* [Data provided]
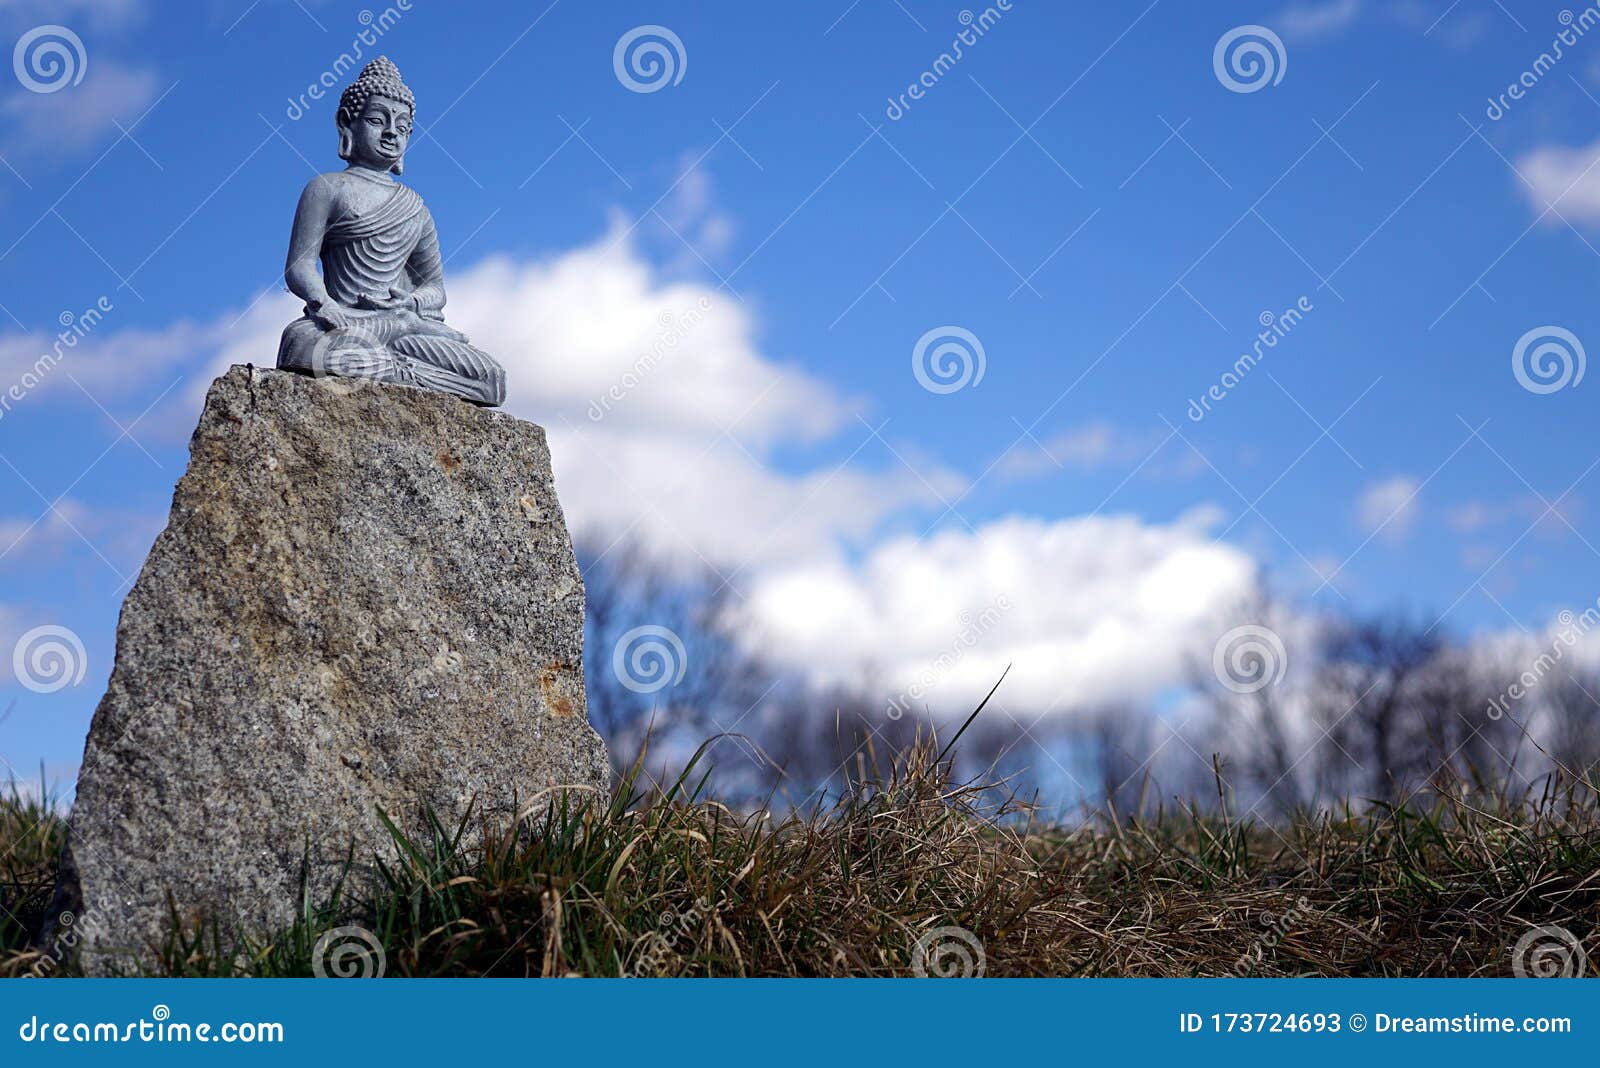 Buddha Nature on Pinterest
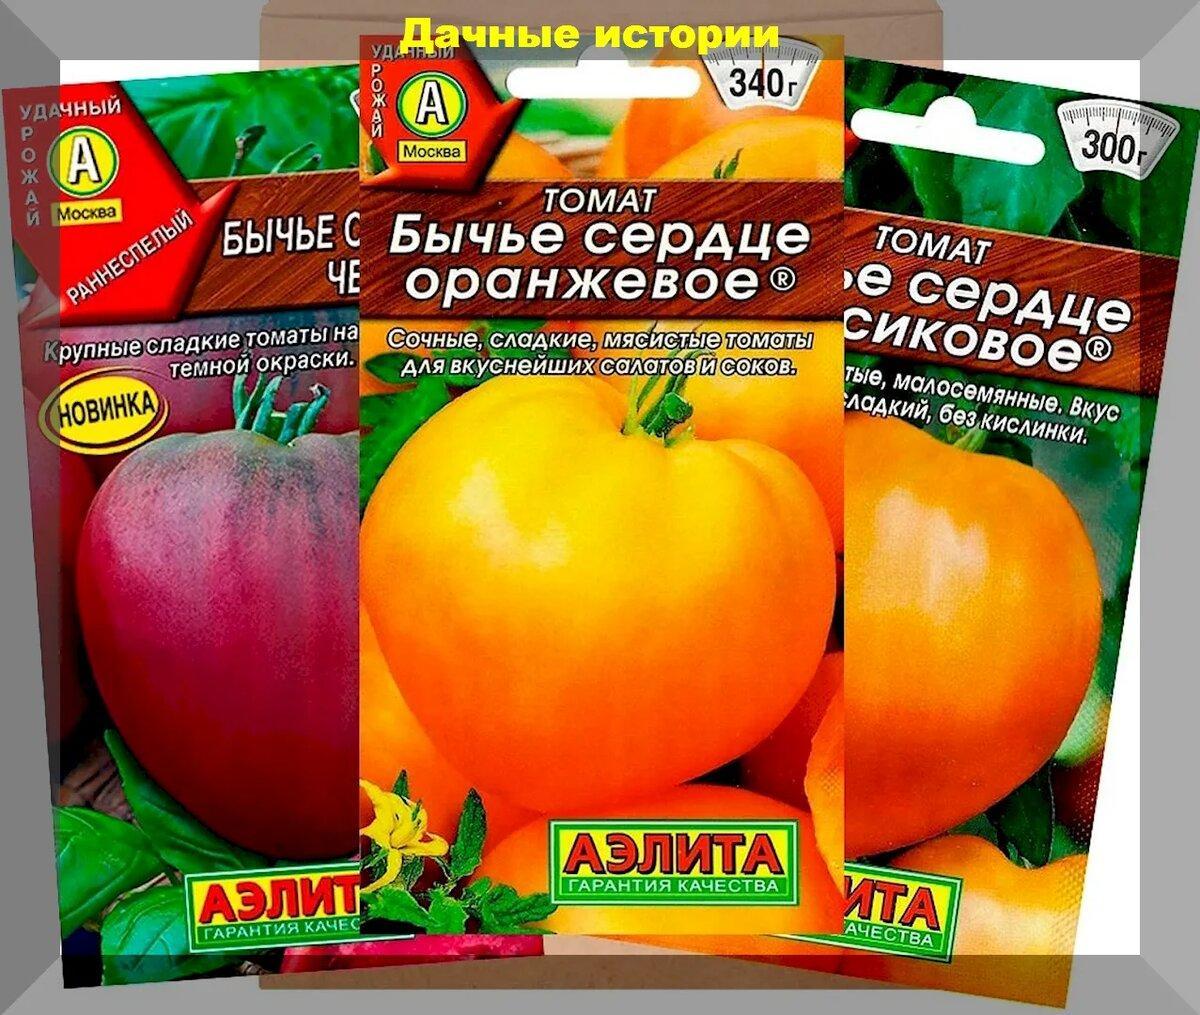 Огурцы, томаты, перцы, баклажаны: лучшие сорта-гибриды овощей, которые дают стабильно высокие урожаи даже у начинающих
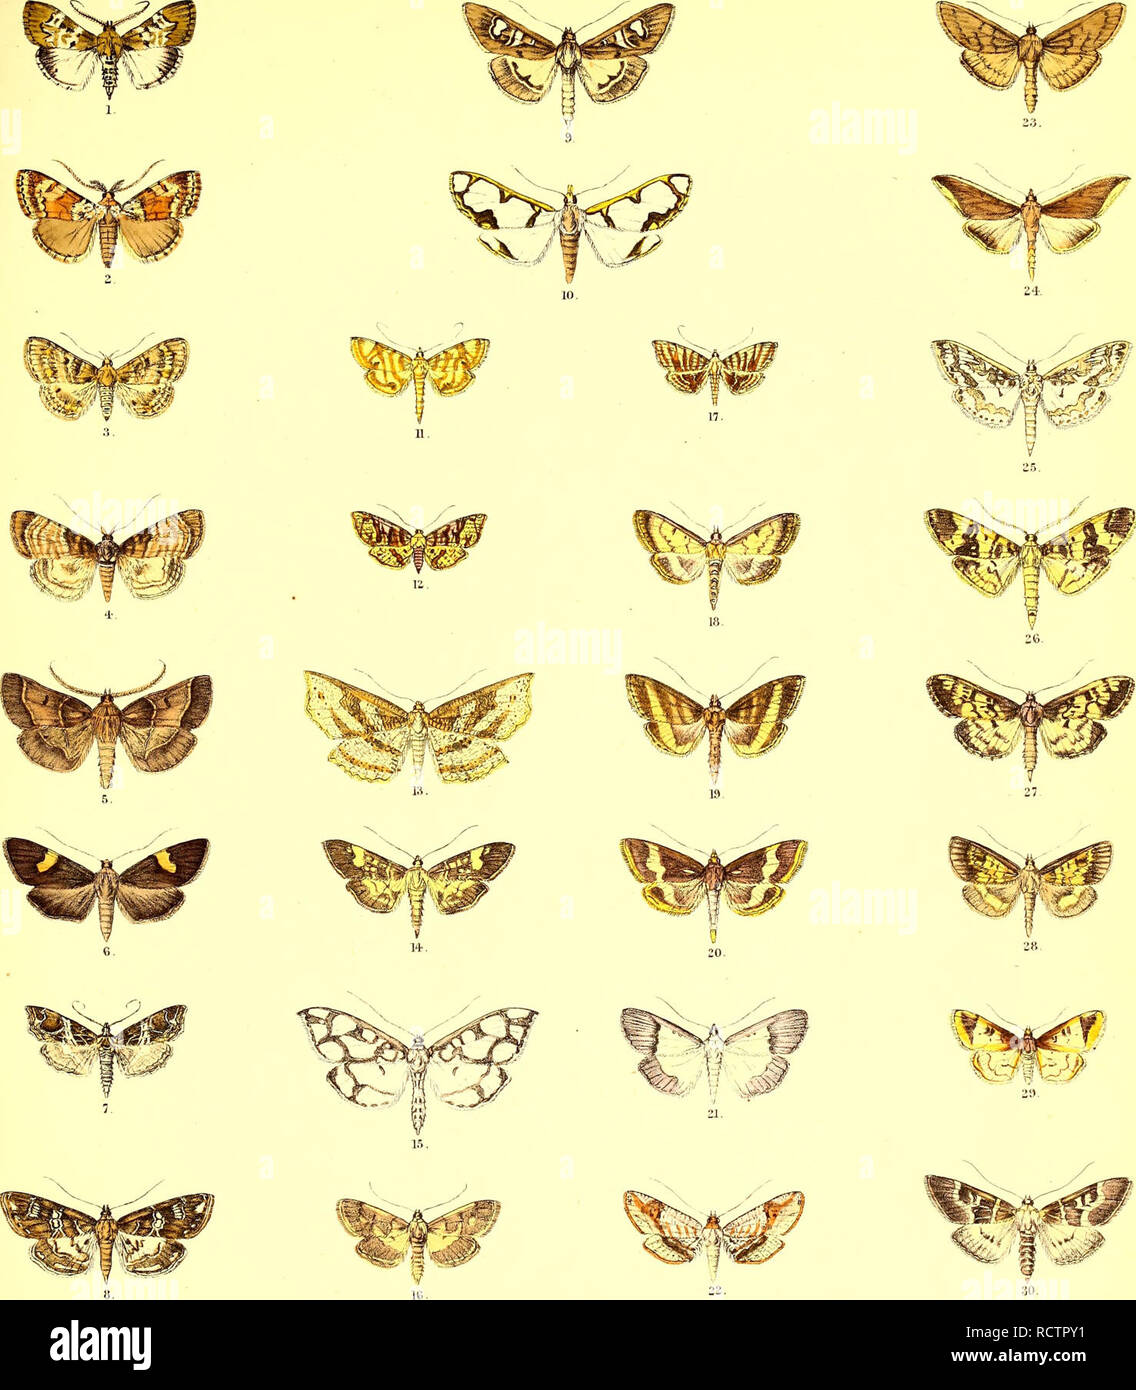 . Beschreibungen der neuen indischen lepidopterous Insekten aus der Sammlung des verstorbenen Mr. W.S. Atkinson. Lepidoptera - Indien; Lepidoptera. Asiatic Society. Bengalen. Lepidoptera. Platte VH.. F, C MooT-e. del etiCh.. liinerrL Broa Trap. Ich, Locastpa lativitta, (?. 2, Paramclia basalis. 3, Scopocera smuosa,?. 4, S varie. Gata, ¥. • 5, Pyi "alis Assamica. y, 6 Patania seiravialis. 7, Cymoriza mextricata, c? . 8, C nvularis. 9 Chilka Glyphodes,; ?. 10, CirrocPirista Bryozalis,?, II, Haritala pecurrens. d". 12, Microsca lobulata, 13, Camadena vespertilionis. 14, Samea qumquigei - ein. 15, Polytlilipt. Ein Pera Stockfoto
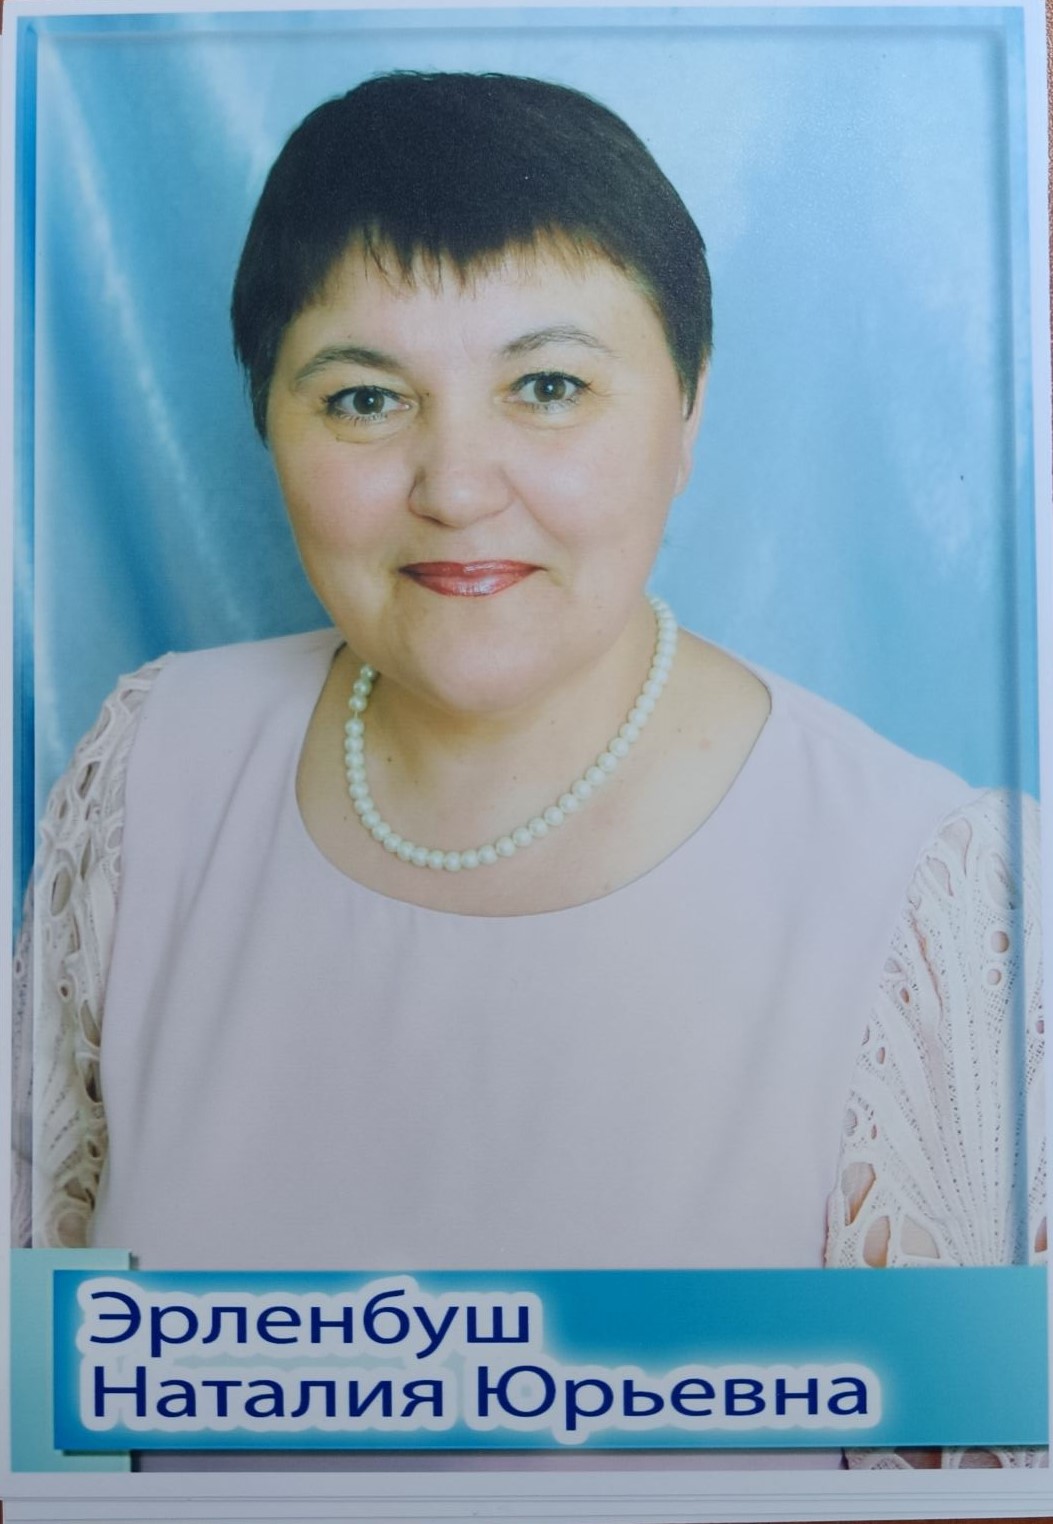 Эрленбуш Наталия Юрьевна.

* [What the exercise asks] Exactly the lines from the line that contains "Ein Pera Stockfoto" through the last line above, and no other lines, must be output, with pictures excluded.

* [Response for this exercise]
 . Beschreibungen der neuen indischen lepidopterous Insekten aus der Sammlung des verstorbenen Mr. W.S. Atkinson. Lepidoptera - Indien; Lepidoptera. Asiatic Society. Bengalen. Lepidoptera. Platte VH.. F, C MooT-e. del etiCh.. liinerrL Broa Trap. Ich, Locastpa lativitta, (?. 2, Paramclia basalis. 3, Scopocera smuosa,?. 4, S varie. Gata, ¥. • 5, Pyi "alis Assamica. y, 6 Patania seiravialis. 7, Cymoriza mextricata, c? . 8, C nvularis. 9 Chilka Glyphodes,; ?. 10, CirrocPirista Bryozalis,?, II, Haritala pecurrens. d". 12, Microsca lobulata, 13, Camadena vespertilionis. 14, Samea qumquigei - ein. 15, Polytlilipt. Ein Pera Stockfoto
 Эрленбуш Наталия Юрьевна.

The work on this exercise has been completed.